I have a Dell XPS 9530 and onboard it has NVIDIA GeForce RTX 4070 as graphics.
Are these instructions correct for installing the video drivers? I had planned to use method #1:
Another owner of the same laptop suggested that battery life during sleep is longer when using the Nouveau drivers compared with the NVIDIA drivers. I actually don’t need the NVIDIA drivers, per se, so I want to cleanly uninstall them if I notice any increase in battery draining during sleep.
If I did dnf history undo for both of these steps here, would this reverse the blacklisting of the Nouveau drivers and would everything return back to normal?
Yes, genrally speaking the instructions are correct for the install of the Nvidia driver. As for the power consumption with the nouveau vs the proprietary drivers, you might see a small increase in the amont of power the computer uses because the Nvidia card will be enabled and when used it will draw more power than just using the embedded (intel video). You can disable the Nvidia driver by simply black-listing it per these instructions:
Is there a way to do the opposite – in other words set up the system so that it boots using Nouveau drivers by default unless we explicitly ask to use the NVIDIA driver?
99.9% of the time I would not need the NVIDIA driver.
No.
The graphics drivers are loaded once, at boot time.
You might be able to manually unload the nouveau drivers then load the nvidia drivers, but I would not attempt that.
The comments about power draw differences with the nvidia drivers is mostly a lot of fluff. Yes, using the nvidia gpu with the nvidia drivers may have a slightly higher power draw than with the nouveau drivers. However, that comes with the added benefit of much improved graphics performance.
Remember that a laptop with dual graphics is designed to only use the iGPU unless the graphics demand is high or the user actually requests use of the dGPU (nvidia). Thus the nvidia gpu is in an idle condition for the great majority of the time and the idle power draw is really no different between the two drivers.
Personally I use the nvidia drivers on my laptop and see very little difference in battery life.
Thank you. S’il vous plait tell me whether the dnf history undo command could be applicable in this situation? If the entire installation was carried out using dnf, it seems reasonable to assume that the installation could be undone with dnf history undo.
Yes, there is a way to do that at boot. You add another boot entry to grub that sets up the Nvidia drivers to load via kernel command line options. Leave the default boot option to use Nouveau.
Now, would I do this? … no
I would just run the Nvidia proprietary drivers all the time (as I do now) because the power usage really only increases when the accelerated graphic of the card are actually in use. You can see this by running nv (Nvidia Settings) with the proprietary drivers loaded. My power usage on the Nvidia (GForce RTX 3060) usually sits right at 9 WATTS unless I am running a game or a graphics processing application.
How to remove the nvidia drivers is only 1 dnf command sudo dnf remove \*nvidia\* --exclude nvidia-gpu-firmware
However, doing so would leave only the nouveau driver and as already noted the comments about power usage with nvidia only applies when the nvidia gpu is actually in use processing hardware accelerated graphica.
As I understand it, and from experience, excess power draw is not an issue for most users with a desktop workflow.
I believe your concern about power demand is highly inflated and you should try over an extended period to see if it is an actual issue with your normal usage.
Does the NVIDIA driver get used at all if I don’t use switcherooctl to launch anything?
Is this what is known as prime render offloading?

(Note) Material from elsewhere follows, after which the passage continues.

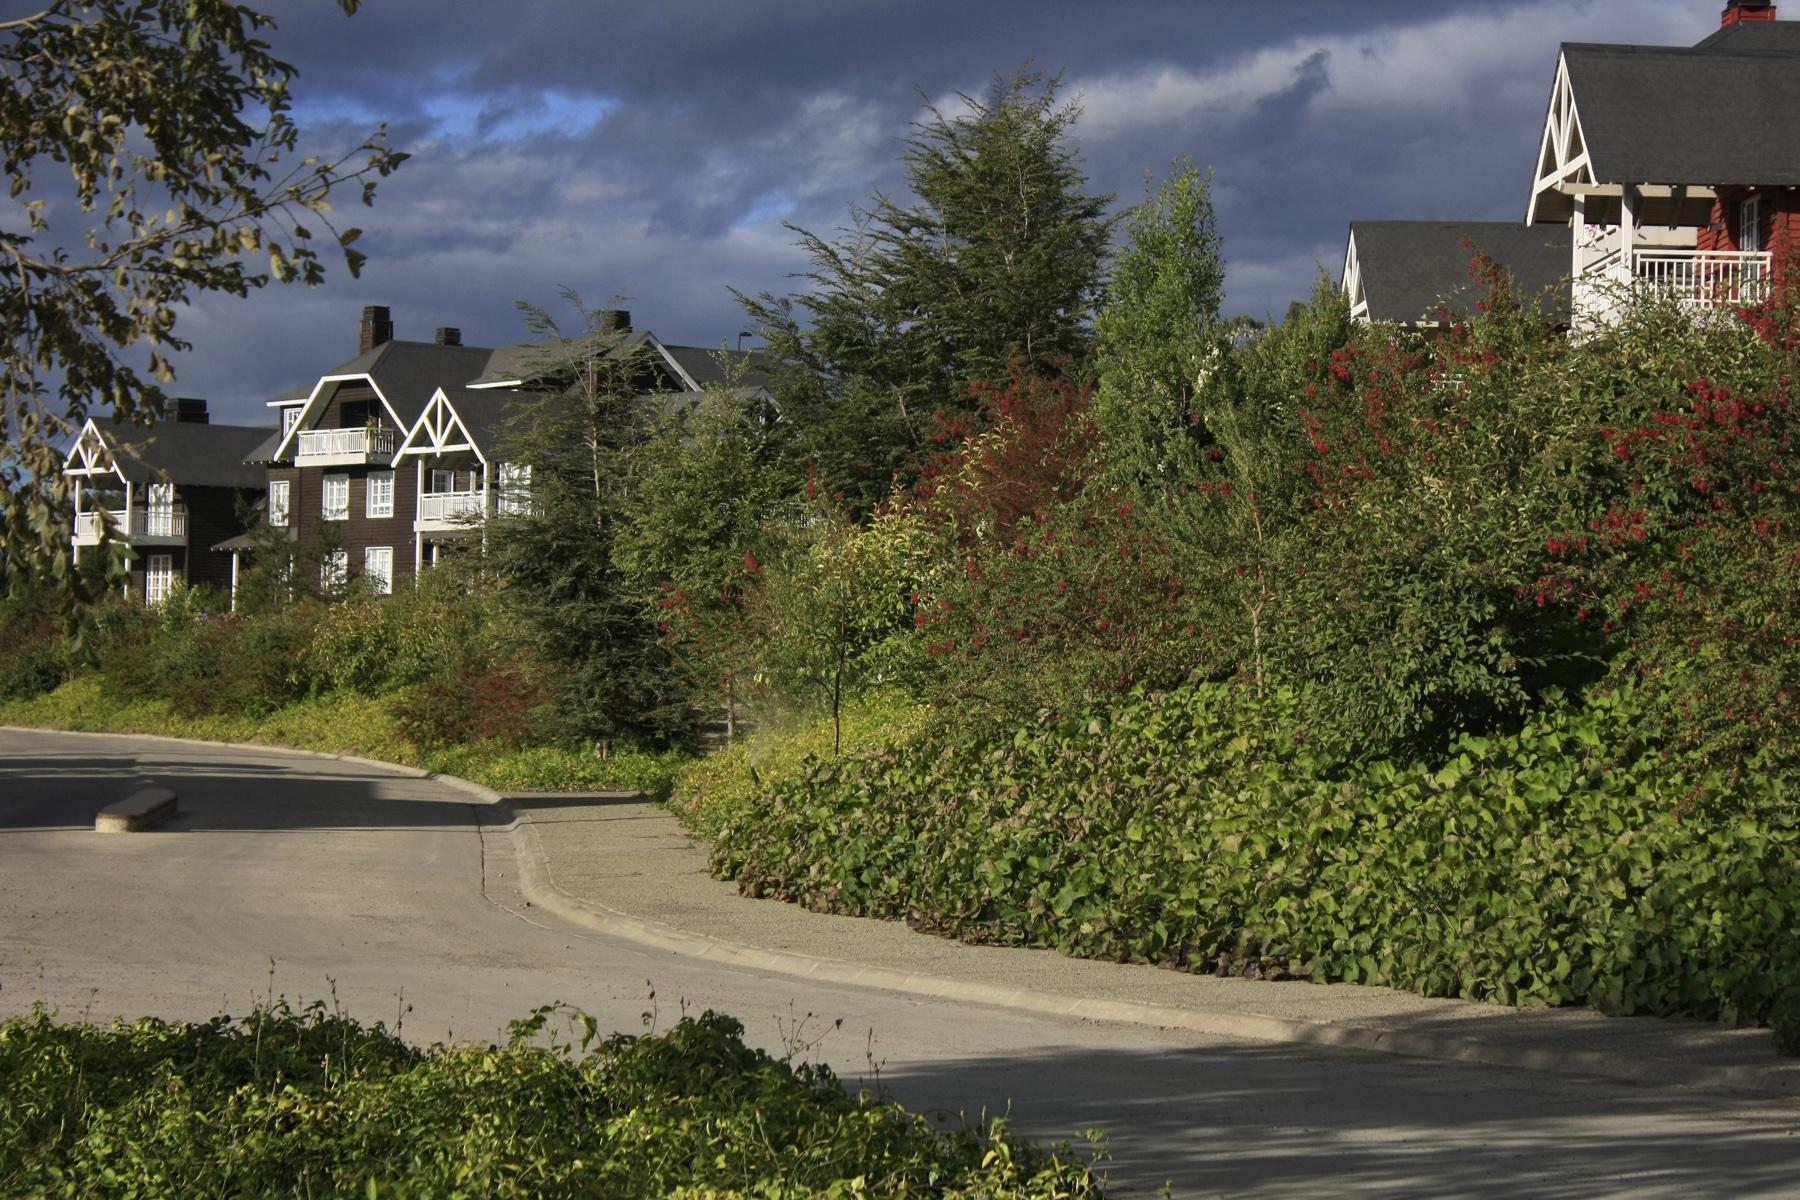 Single Family Home for Sale at Patagonia Virgin Frutillar Puerto Montt, Los Lagos Chile

This occurs automatically? If this occurs automatically, why is there a need for something like switcherooctl?
You have just named 2 different things that are both used. Prime render offloading is the automatic control that switches to the dGPU when the task is more than the iGPU can manage. Switcherooctl allows the user to specify use of the nvidia gpu deliberately. One is automatic and the other is manual.
Sometimes the user may wish to use the nvidia gpu even though the task may not do so automatically. Such as for games or other highly graphics intensive tasks, or just because the user wants to. Switcherooctl provides that capability. The automatic switching is sometimes not quite suitable.
I installed the drivers. For whatever reason it seems that the the battery does drain about 30-50% quicker in sleep mode when the NVIDIA drivers are installed vs. when they were not installed.
When I leave the laptop asleep overnight it gets down to 87%. With Nouveau drivers it was more like 91%. So it’s not a huge deal, but if there were a way to optimize this I would be interested.
Previously I had seen this discussion in the OpenSUSE forum about this topic:
Are you all sure there are no optimizations that can be done to reduce power draw in sleep by changing a modprobe file or something like that?
4% difference is insignificant and can easily be explained with a difference in the amount of time between the sleep & wake, or other factors that may vary. It is not a set value and only after a rigid testing regimen with a set sleep time and a set background activity during sleep can it be definitively said that this is a difference caused by the driver.
The background apps that may be running while sleeping also affect the power usage so unless the activity is exactly the same and the elapsed time is exactly the same every time there will always be a variance in power draw.
Anecdotal evidence is not definitive but with using scientific methods you might be able to define the actual values.